Prosecutor Nicolas Roos claimed FTX was “created with criminality that was pervasive throughout.”
“Sam Bankman-Fried stole over $8 billion in customer money, and I emphasize stole because it was not a liquidity crisis, or an active mismanagement, or poor oversight from the top,” Roos added. “It was not a bloodless financial loss on paper.”
Bankman-Fried stole billions in customer funds to live an extravagant lifestyle that included a sprawling penthouse in the Bahamas, where he ran his business. He also used customer money to buy himself “power and influence” on and then lied to cover his tracks.
After the exchange, which was once valued at $32 billion, failed in 2022, thousands of customers were unable to get their money back, and the government turned its case against Bankman-Fried and his top lieutenants into a referendum on the loosely regulated but highly volatile crypto industry.
The government’s case against Bankman-Fried was much stronger than anticipated during the six week trial and included a parade of some of his closest friends who made plea deals with prosecutors and in turn testified that he called the shots and demanded they break the rules, too, if they wanted to keep getting paid.
Bankman-Fried told the court that he and his friends “built something beautiful” but that he “threw it all away.”
“It haunts me every day,” he said.
Bankman-Fried’s parents were in the courtroom Thursday for their son’s sentencing.

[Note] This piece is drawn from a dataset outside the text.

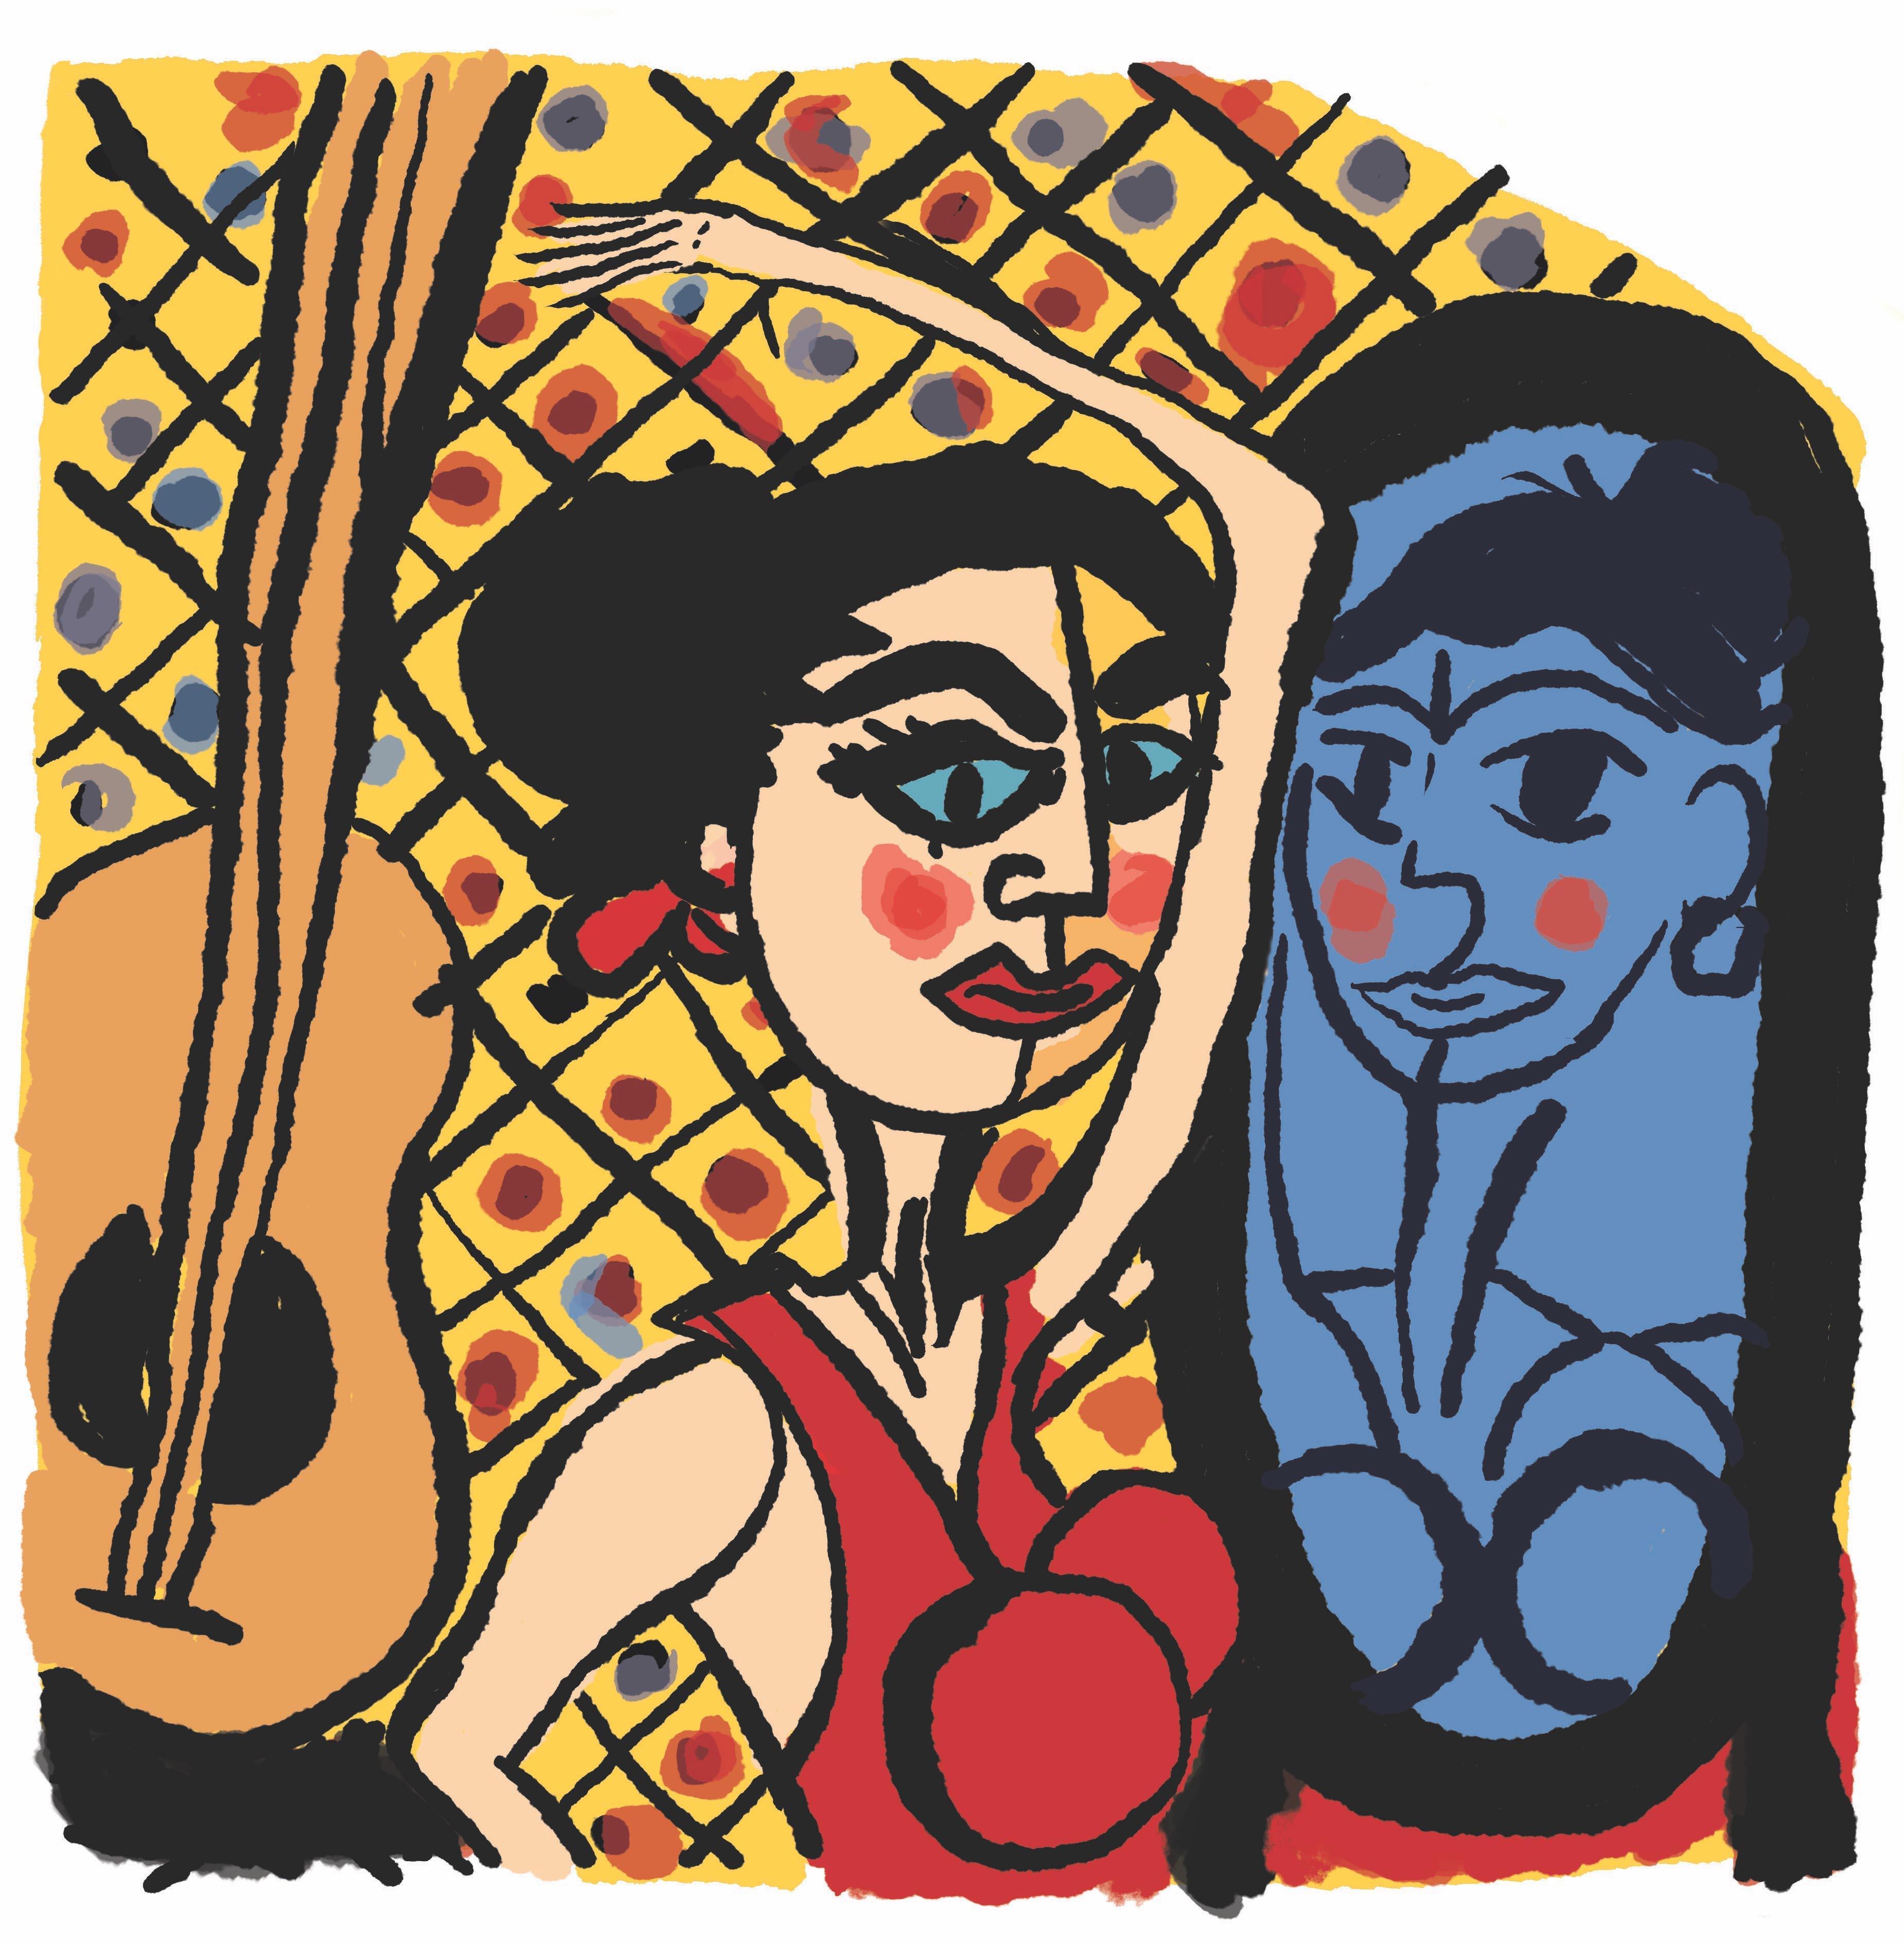 España El Vito - The Spirit of Spain - Piano and Guitar Recital - Canberra

Joseph Bankman and Barbara Fried are both law professors at Stanford University. Bankman-Fried has maintained that they were not involved in “any of the relevant parts” of FTX’s operation. However, a lawsuit filed by the company itself last year alleges that his parents spent millions of dollars for their own “pet causes.”
Ahead of the sentencing hearing, rival cryptocurrency exchange Kraken took aim at FTX and Bankman-Fried.
“Sam Bankman-Fried founded his empire on false promises and stolen client funds,” the company said in a statement. “SBF now faces consequences, but this does not undo the immense harm he has caused to millions of people and the crypto industry. Good crypto actors must set the tone by improving education, calling out bad actors, and adhering to crypto’s founding principles of personal ownership and public verifiability.”
Kraken, aligning itself with “good crypto actors,” has raised some eyebrows.
The company was sued by the U.S. Securities and Exchange Commission in November for allegedly operating as a securities exchange without registering.
Like, Bankman-Fried, Kraken has also been accused of using customer funds to pay its own expenses.